Hi, I got a huge model with a large image dataset to run so I’m trying to use model parallelism and DDP at the same time just like the part 3 in this tutorial.
However, when I was running the tutorial for trying DDP with NCCL backend, I’m facing the same problem just like this post:
NCCL WARN Duplicate GPU detected : rank 1 and rank 0 both on CUDA device 1000
NCCL WARN Duplicate GPU detected : rank 0 and rank 1 both on CUDA device 1000
The discussion also reached to the solution:
net.to(f'cuda:{args.local_rank}')
But I just don’t know where and how can I put this line in the right place with the spawn
function in the tutorial. Can anyone provide a sample code?
Another question is how to use cleanup function (provided as below) correctly?
def cleanup():
dist.destroy_process_group()
Should we cleanup like after each epoch, batch or just at the very end of the program?

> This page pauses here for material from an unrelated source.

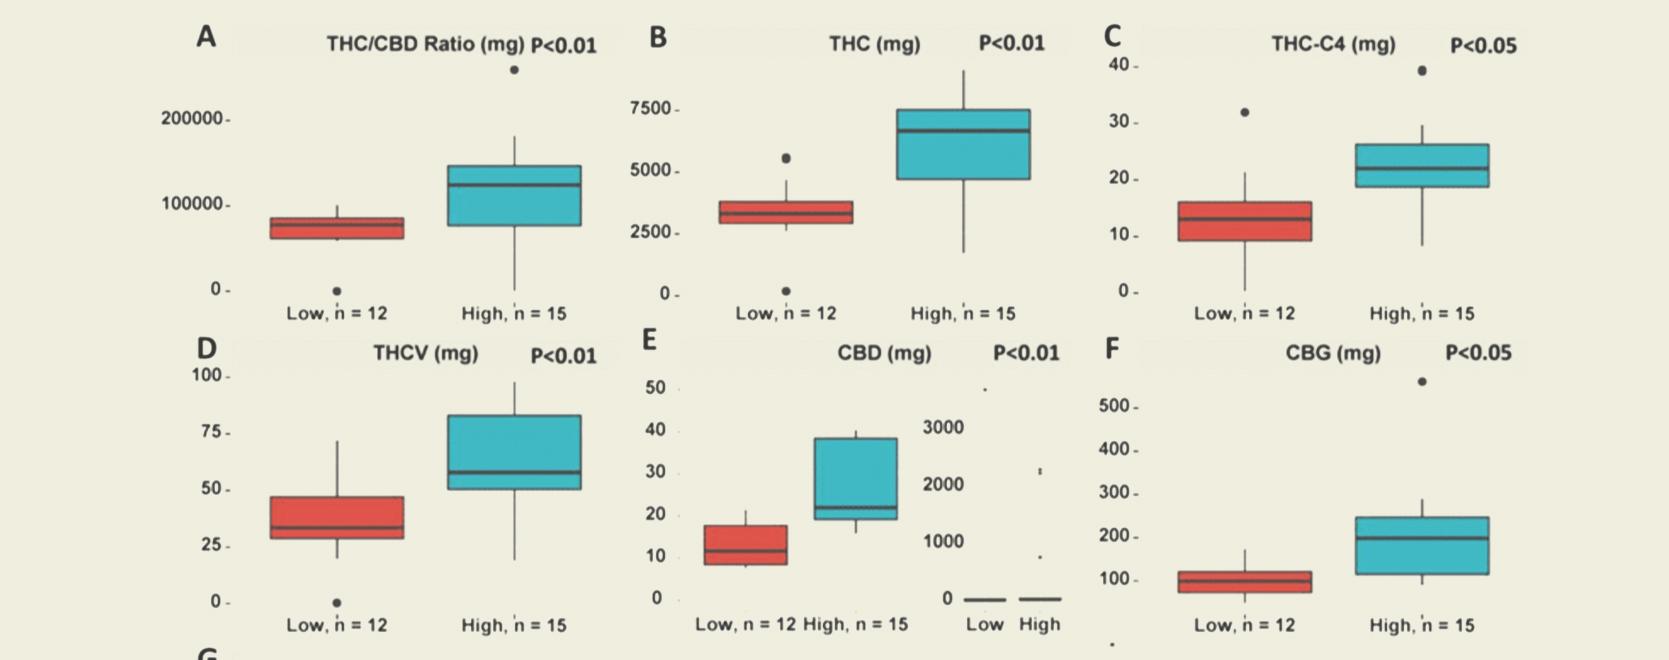 L'émergence des Cannabinoïdes Actifs Totaux (TAC) et les implications pour le consommateur

I’m using a single machine with 4 GPUs (A100*4):
+-----------------------------------------------------------------------------+
| NVIDIA-SMI 450.80.02 Driver Version: 450.80.02 CUDA Version: 11.0 |
|-------------------------------+----------------------+----------------------+
| GPU Name Persistence-M| Bus-Id Disp.A | Volatile Uncorr. ECC |
| Fan Temp Perf Pwr:Usage/Cap| Memory-Usage | GPU-Util Compute M. |
| | | MIG M. |
|===============================+======================+======================|
| 0 Graphics Device On | 00000000:01:00.0 Off | 0 |
| N/A 40C P0 65W / 275W | 0MiB / 81252MiB | 0% Default |
| | | Disabled |
+-------------------------------+----------------------+----------------------+
| 1 Graphics Device On | 00000000:47:00.0 Off | 0 |
| N/A 39C P0 66W / 275W | 0MiB / 81252MiB | 0% Default |
| | | Disabled |
+-------------------------------+----------------------+----------------------+
| 2 Graphics Device On | 00000000:81:00.0 Off | 0 |
| N/A 39C P0 66W / 275W | 0MiB / 81252MiB | 0% Default |
| | | Disabled |
+-------------------------------+----------------------+----------------------+
| 3 DGX Display On | 00000000:C1:00.0 On | N/A |
| 33% 48C P8 N/A / 50W | 641MiB / 3911MiB | 1% Default |
| | | N/A |
+-------------------------------+----------------------+----------------------+
| 4 Graphics Device On | 00000000:C2:00.0 Off | 0 |
| N/A 39C P0 62W / 275W | 0MiB / 81252MiB | 0% Default |
| | | Disabled |
+-------------------------------+----------------------+----------------------+
Python version: 3.9.12
Pytorch version: 1.10.2
torchvision version: 0.11.3
I’m a beginner in Multi-GPU and DDP, so any suggestions or advises would be very helpful.
Much appreciated.